Capítulo 3 ¡No confías en mí!
Un día, cuando estaba a punto de salir de su habitación para asistir al encuentro habitual de cada mes, se encontró de frente con un hombre en su propio dormitorio, fue como si apareciera de repente de la nada. Un grito se escapó de sus labios por el susto. El intruso tapó su boca con presteza, para acallarla antes de que delatara su presencia.
—Soy yo, Oswald. No grites o me delatarás.

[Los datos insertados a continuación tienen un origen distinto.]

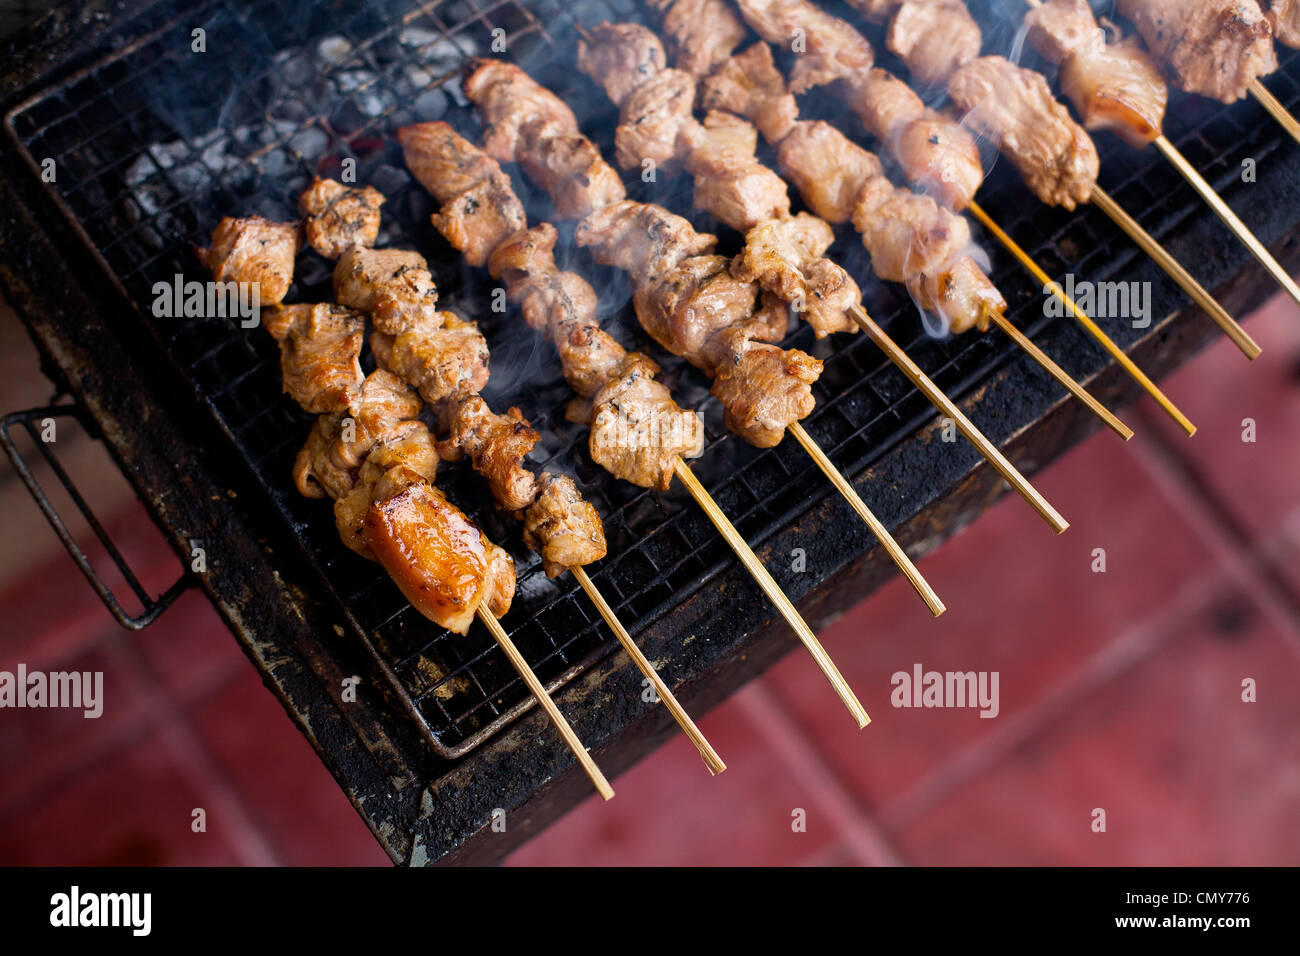 Pork skewers grill over charcoal at a barbeque in Antipolo, Rizal Province, Philippine Islands. Stock Photo

—¡¿Eres tú?!, ¿pero cómo? —no podía creerlo.
—No quiero que sigas escapando y dando explicaciones por siempre, tus nervios colapsarán si sigues así. Creo que es mejor que nos veamos aquí, en tu habitación.
¡De verdad él creía que vernos aquí sería mejor para mí estabilidad mental! Estaba a punto de enloquecer.
—Pero no es correcto —objetó aturdida.
—Lo sé y lo siento por eso, soy un cobarde que no puede dar la cara.
—¿Es por tu enfermedad? —insistió una vez más, a pesar de haber tenido tantos intentos infructuosos.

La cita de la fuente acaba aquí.